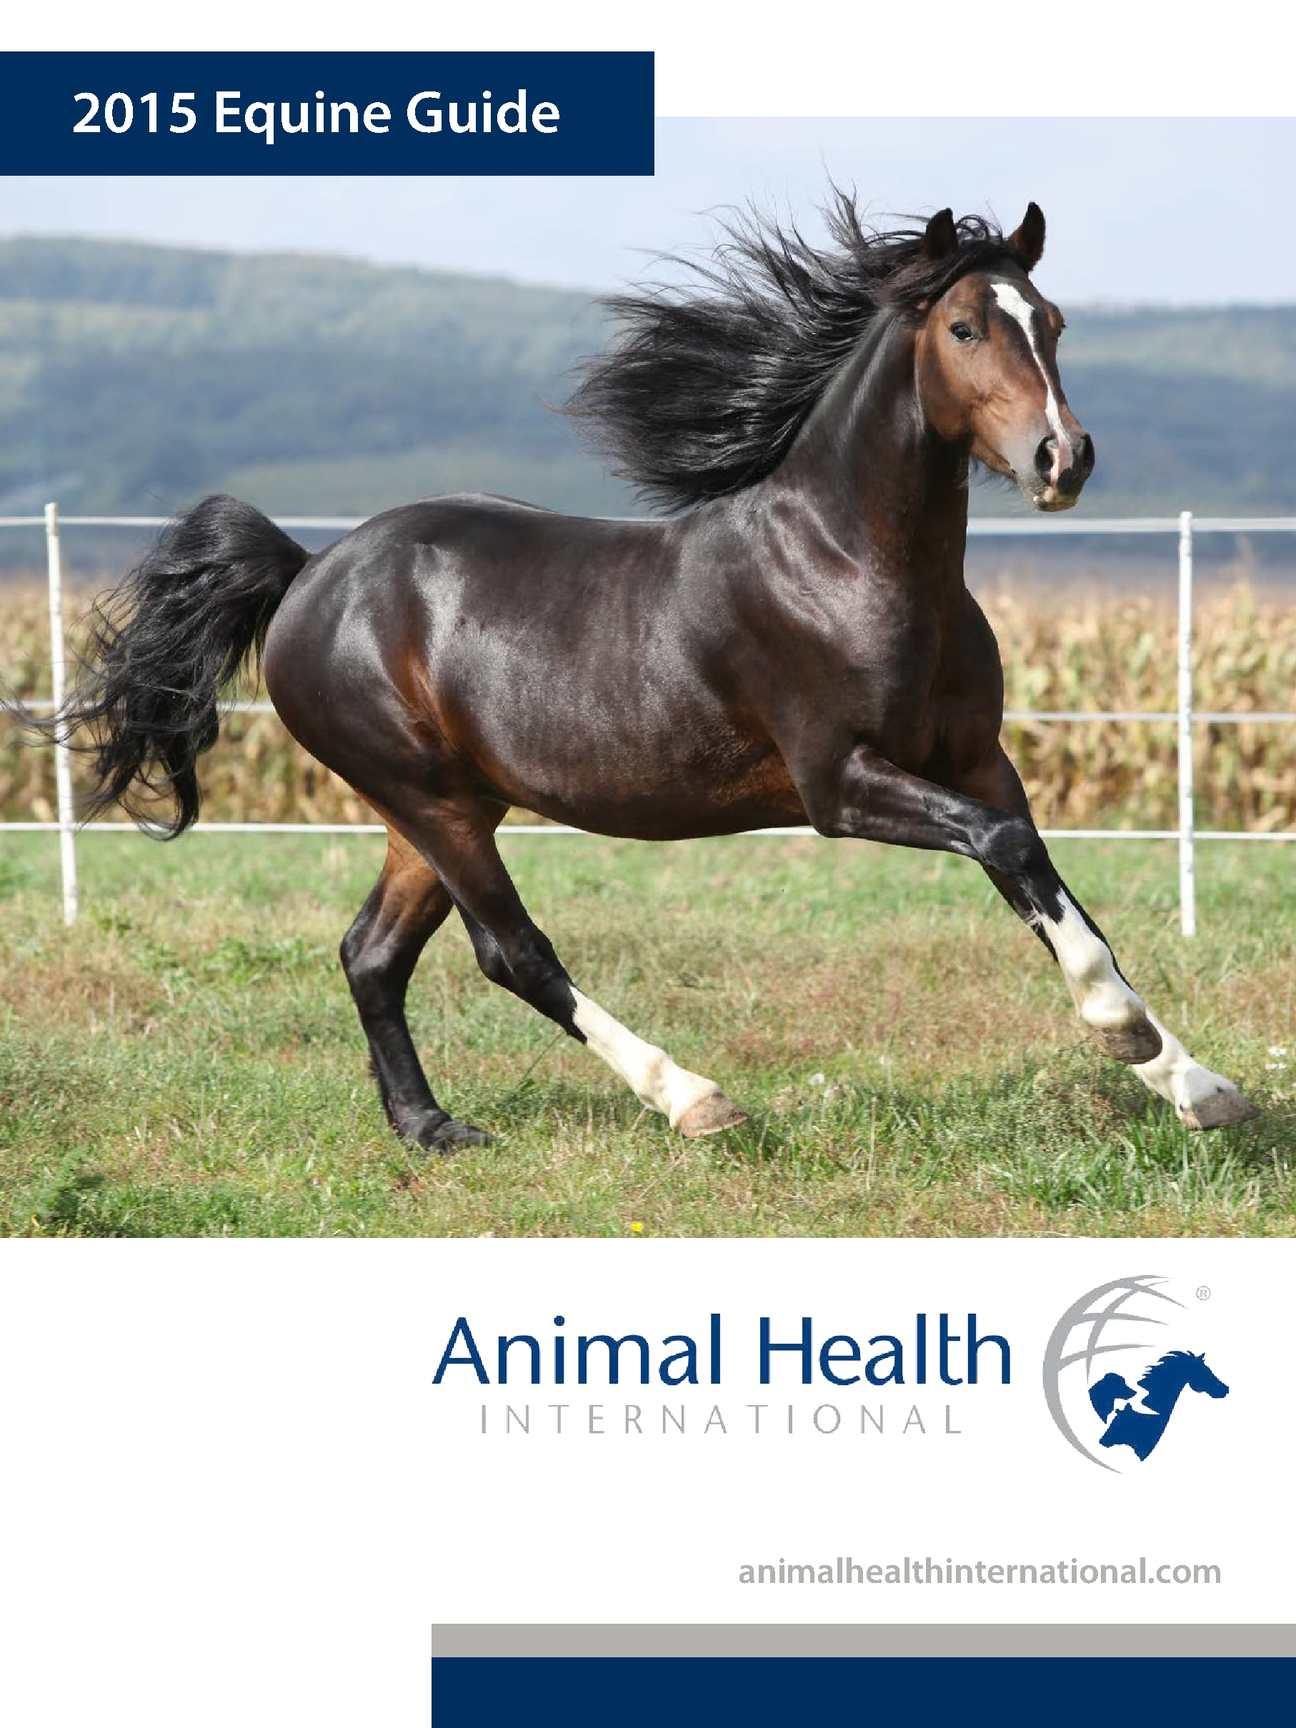 Animal Health Intern Equine Guide 2015
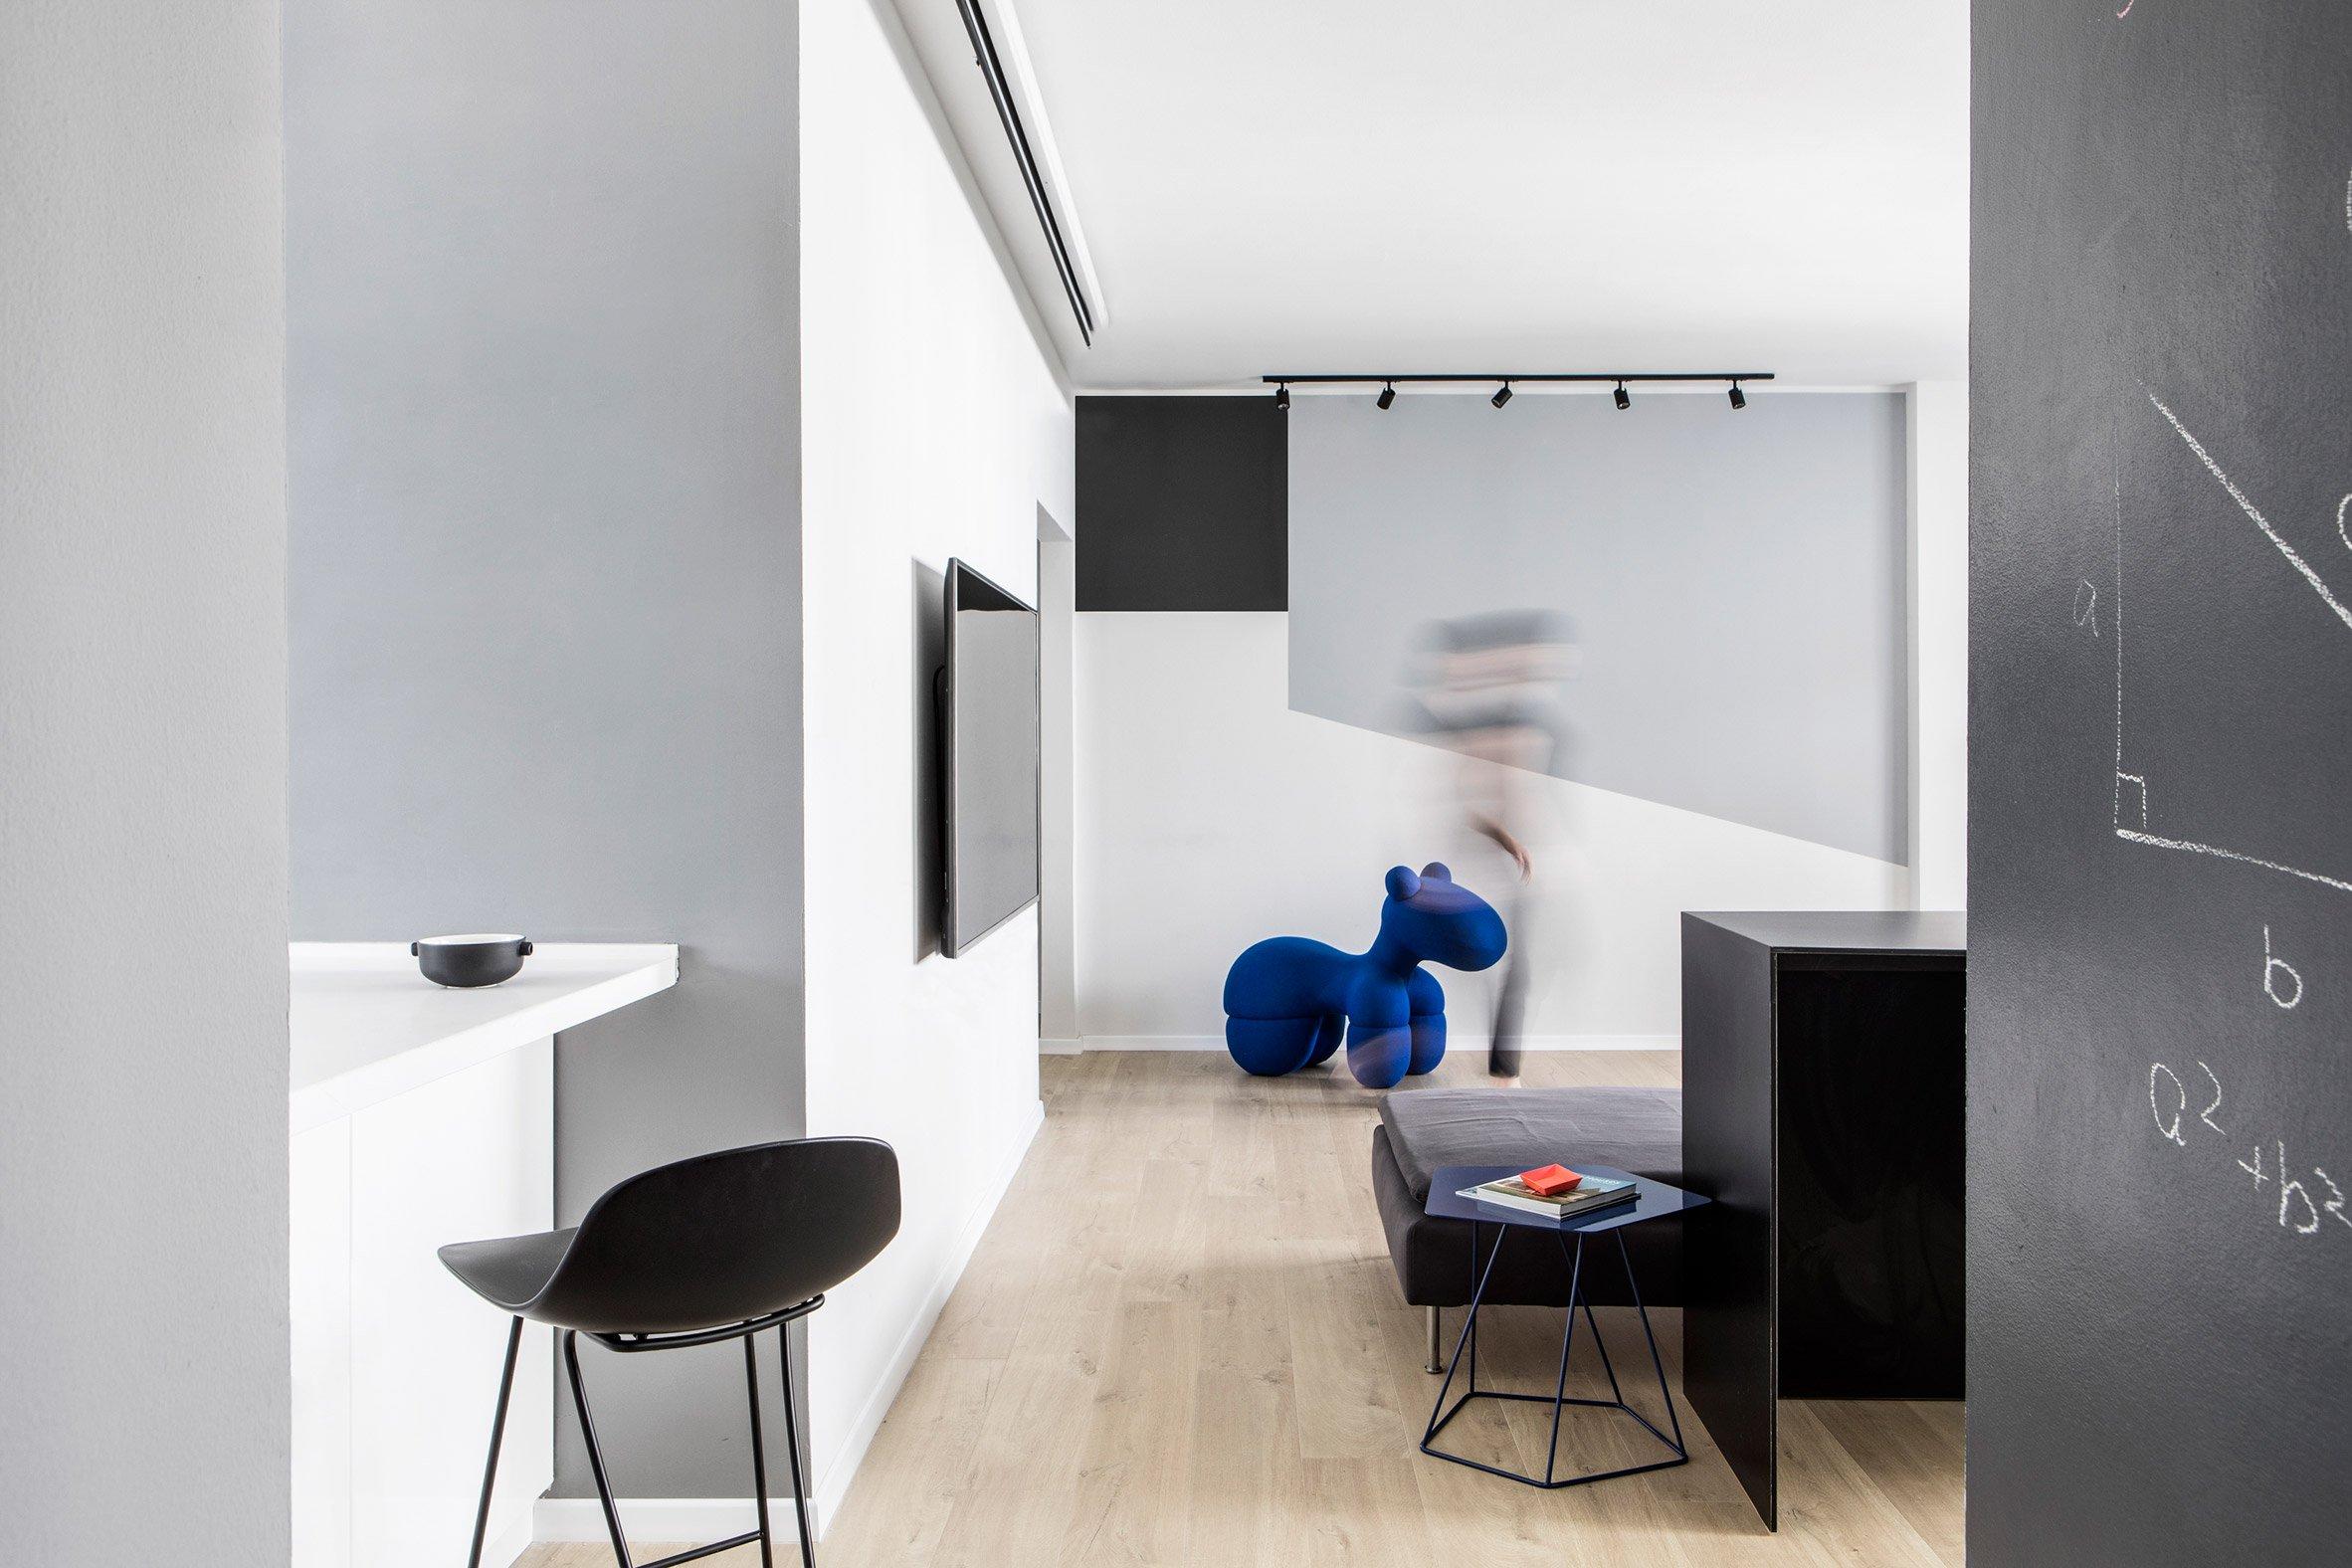 residence-interiors-design-studia-osnovadesign-osnova-poltava_02
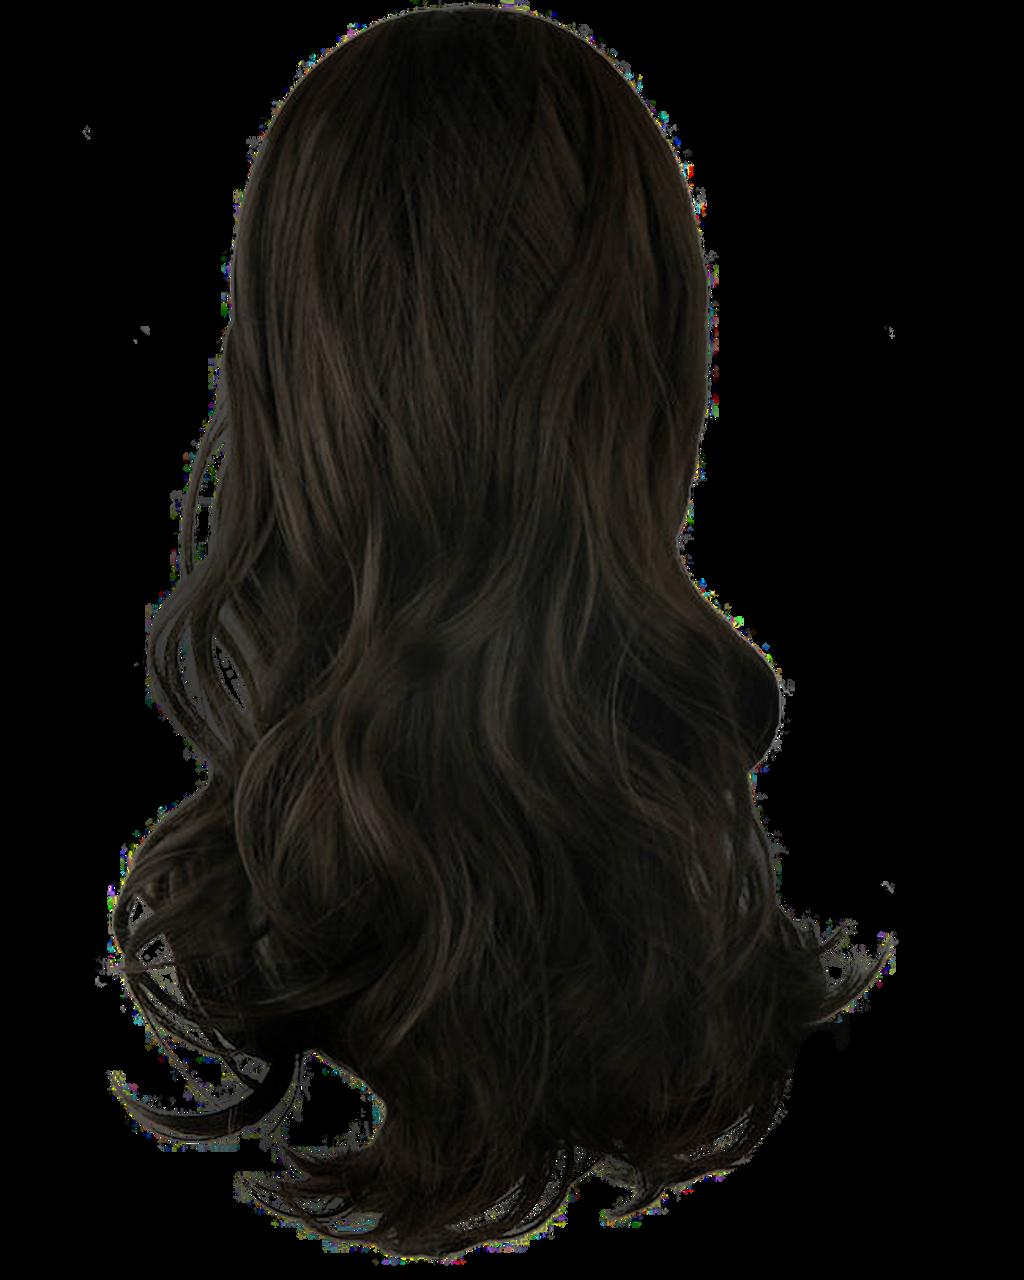 Png Hair 10

§ **Exercise directions**
If a line holds a picture, skip the picture and transcribe the rest of the material exactly.

§ **Solution**
 Animal Health Intern Equine Guide 2015
 residence-interiors-design-studia-osnovadesign-osnova-poltava_02
 Png Hair 10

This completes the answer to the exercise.